Худая, истощавшая до костей, но тем не менее подвижная и злая, она умяла хлеб с тушёнкой раньше меня. Мне пришлой её отломить краюху, чтобы она не смотрела меня такими дикими, до боли жалкими глазами, пока я доедаю свой кусок. Она зверем набросилась на брошенный хлеб. Потом запрыгнула на помятый капот, вытянулась, скобля когтями об металл, и, заметив моё движение, сиганула в тёмный, выжженный салон. Оттуда издалось протяжное грозное шипение.

— Да нужна ты мне больно! — я спрятал нож в сумку, поправил смятые стельки башмаков и двинулся прочь. — Ну, бывай.

Я потопал дальше. Какое-то время кошка увязалось за мной — она крадучись под днищами машин, двигалась вдоль тротуара, держасть на удалении. То шумно вскарабкивалась на каркасы машин, то спрыгивала с них, то отваживалась пробежаться рядом. Я посматривал за ней. Шикал на неё. Но, подогретая халявной пищей, она не торопилась уходить.

Пройдя так со мной с километр, она, видимо, отчаялась ждать и внезапно исчезла. Больше я её не видел и не слышал. Шёл себе дальше.

Прошёл Сенную площадь и не узнал её. Лишь когда прошёл, понял, что это была именно Сенная площадь. Не поверил… Вскоре вышел на Адмиралтейский проспект. Посмотрел на столбы выгоревших деревьев, за ними разрушенное Адмиралтейство без шпиля. И подбрёл к Дворцовой площади.

За всё время движения я так и не встретил людей. Никого. Никаких больше кошек, ни собак, ни крыс. Кое-где слышался шум, но тот был далёкий и непонятный. Кое-где мерещилось движение — но то было тоже непонятно и невозможно рассмотреть… Действительно, Мёртвый Город. И, в общем, хорошо что никого не встретил и никто не попался на пути. Встреча не обещала быть радужной. В лучшем случае — перепугали бы друг друга. А в худшем? В худшем — я бы валялся мёртвым среди сотен тысяч трупов машин и людей… Ещё одна несчастная жертва войны.

***

Дальше мне идти не хотелось. Даже когда я встал с булыжника и прошёлся вдоль фасада Зимнего дворца. Я понимал, что дальше сил мне не хватит. Я уже полдня пробыл в городе и больше оставаться в нём не хотел. Меня тошнило здесь находиться. Мне осточертело здесь находиться! Мне неожиданно стало страшно, что какой-нибудь снайпер, сидящий на верхнем этаже или крыше, сейчас возьмёт и подстрелит меня. Умирать мне не хотелось. Это не входит в мои планы. Хотя планов у меня никаких, собственно, нет. Я просто чётко осознал, что жизнь, чёрт возьми, продолжается! Даже не смотря на весь этот хаос, войну, ядерную бомбардировку, миллионы смертей и вымерший, опустошённый город. Моя жизнь продолжается. И что этот мир — не мой мир вовсе — а чужой. Это чужой мир! Здесь я лишь случайный свидетель. И даже если Я, который жил в этот мире, погиб, то Я, чужой для этого мира, должен жить и не имею права здесь умирать. Каждый должен умирать в своём мире. Это закон вселенной, чёрт возьми!
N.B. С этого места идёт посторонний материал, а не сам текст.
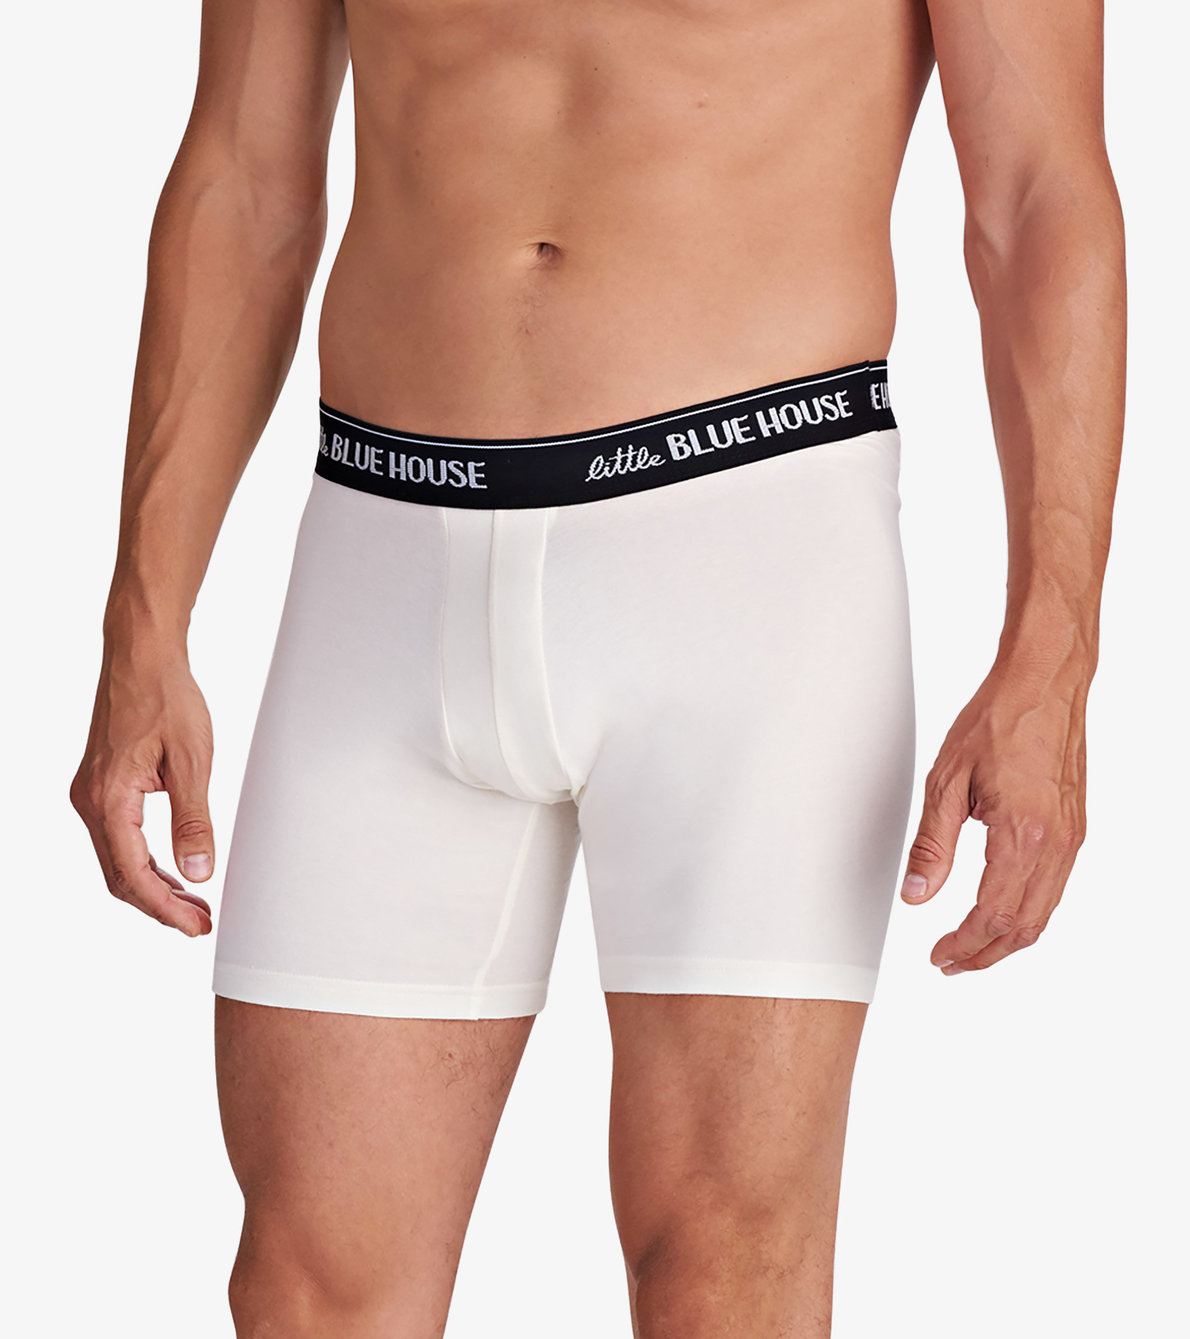 View larger image of Nice Bass Men's Boxer Briefs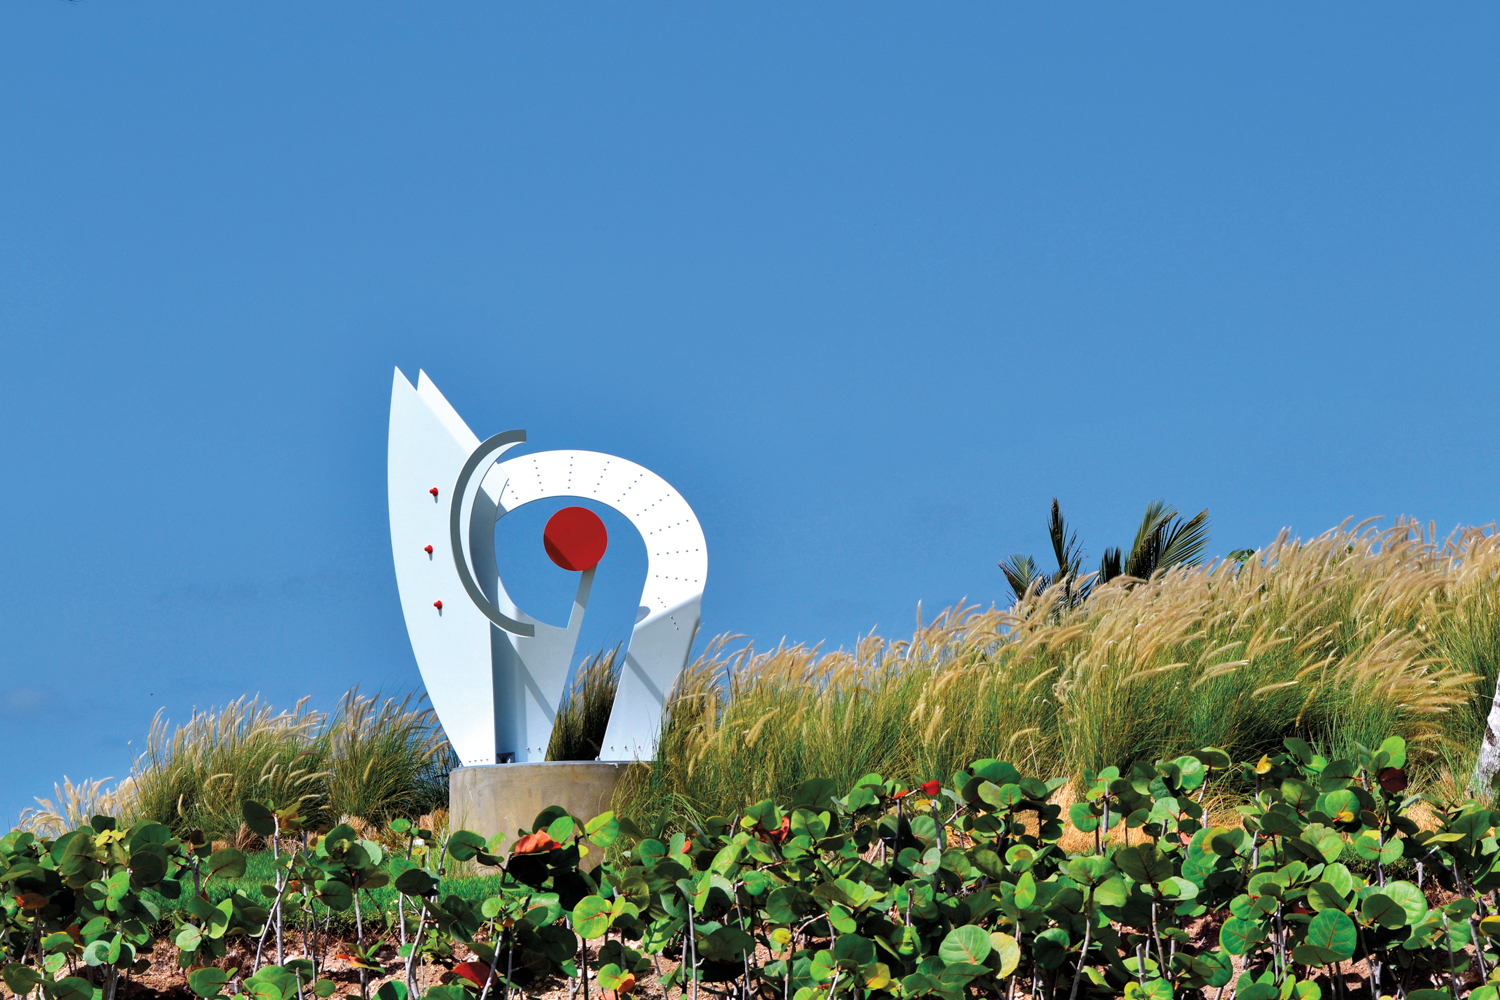 large white aluminum sculpture with red details in the Caribbean by Jorge Blanco

И я определённо хочу умереть в своём мире, не здесь, не при таких обстоятельствах. Однако, как вернуться в свой мир, я не имею представления… Но складывать лапки и тонуть не хочу. Из засасывающей трясины надо выбираться, во что бы то ни стало.

Я не понимал, как обживусь здесь, в этом жестоком, беспощадном мире. Где мне жить и чем мне питаться? Идти ли мне в 'свою' дивизию, где так или иначе должен быть мой сын — Владислав Алексеевич? Или идти в другие места — подальше от фронта? Вообще, что делать?

Я не знал ничего и просто шёл прочь, из этого Мёртвого Ада, тихого кладбища мёртвых душ и металлических гробов. Шёл прочь.

Мне крупно повезло — в городе в этот день не было зачисток, так называемой 'травли тараканов', да и сами 'тараканы' не появлялись у меня на пути, или просто держались стороной от меня, таская за пазухой свои 'крошки'.

К тёмному вечеру обессиленный я вышел из города. Дошёл до посёлка Шушары. В беспамятстве куда-то забрёл, в какой-то дом. Рухнул на что-то мягкое. Мгновенно уснул, как мне показалось, вечным сном…

***

Очнулся я на кровати с одним матрасом, одетый, в пыльных грязных ботинках, с сумкой крепко сжатой в руке. Я огляделся. Помещение было светлым. Из разбитого окна ярко пробивались лучи света. Слышались чьи-то отдалённые голоса и далёкий лай собак. Что они говорят, я не расслышал. Но понимал, что долго находится здесь опасно. Я так и не понял где я оказался — или квартира, или общежитие, или какой-то санаторий… Уже было поздно и не важно. Я поспешно шёл дворами в неизвестном мне направлении, прочь от голосов, от живых людей. Именно живых, и этим свойством, опасных. Ужасно болели ноги. Суставы ломились от перегрузки. Я не мог долго идти и вскоре остановился. Стал приводить себя в порядок.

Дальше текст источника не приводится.